> [Task details]
Among the lines of the listing below, retype exactly those from the one containing "オルゴンエネルギー インテリア オブジェ" through the one containing "Der Berliner Schlittschuh-Club", both included. Do not include pictures.

> [Records supplied]
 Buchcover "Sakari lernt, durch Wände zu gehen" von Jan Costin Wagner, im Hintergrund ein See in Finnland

---

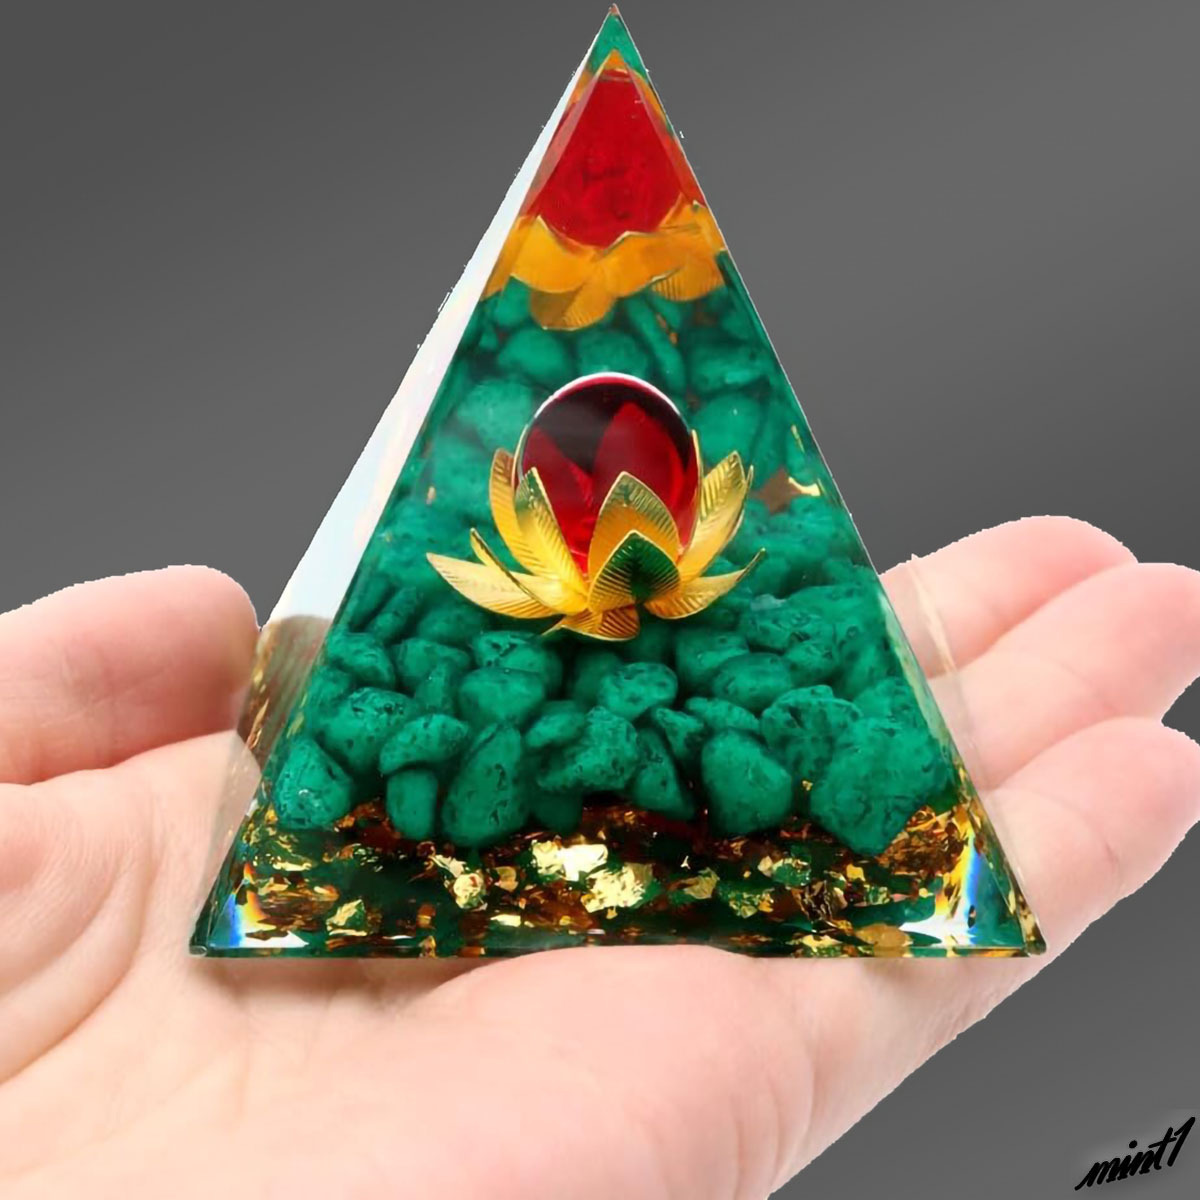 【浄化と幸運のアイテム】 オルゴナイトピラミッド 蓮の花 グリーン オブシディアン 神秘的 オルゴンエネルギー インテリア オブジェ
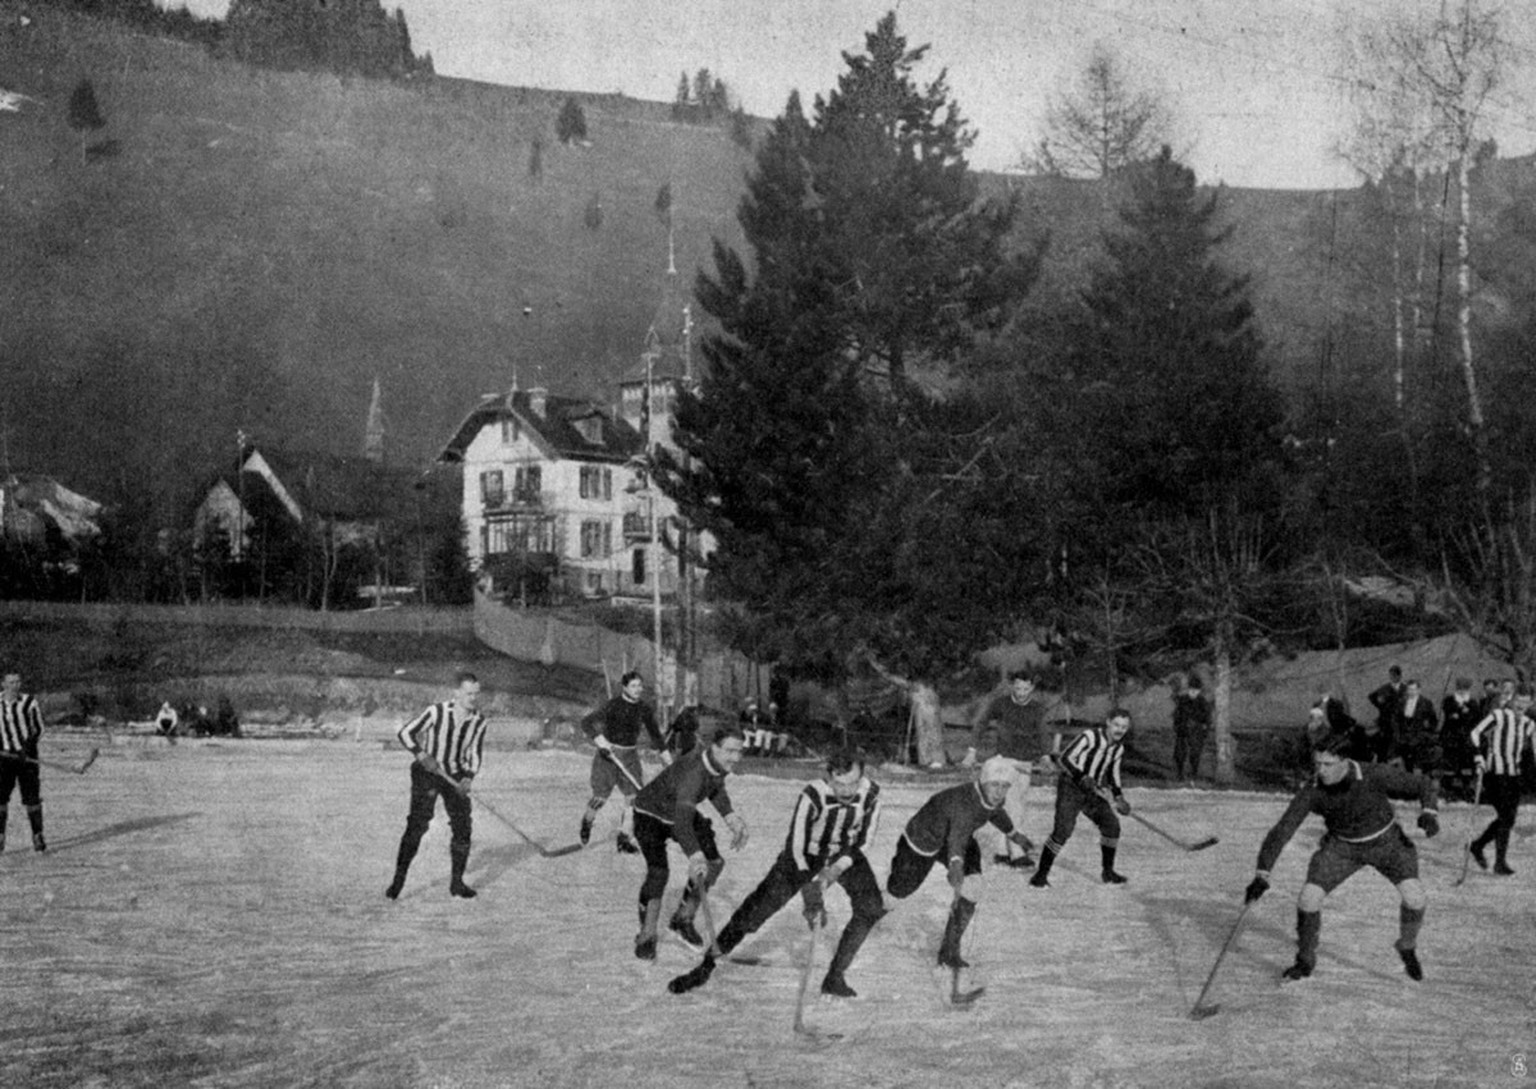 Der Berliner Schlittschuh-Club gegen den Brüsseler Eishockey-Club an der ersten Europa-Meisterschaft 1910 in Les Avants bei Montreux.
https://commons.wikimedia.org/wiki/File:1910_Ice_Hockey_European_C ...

> [Your solution]
 【浄化と幸運のアイテム】 オルゴナイトピラミッド 蓮の花 グリーン オブシディアン 神秘的 オルゴンエネルギー インテリア オブジェ
 Der Berliner Schlittschuh-Club gegen den Brüsseler Eishockey-Club an der ersten Europa-Meisterschaft 1910 in Les Avants bei Montreux.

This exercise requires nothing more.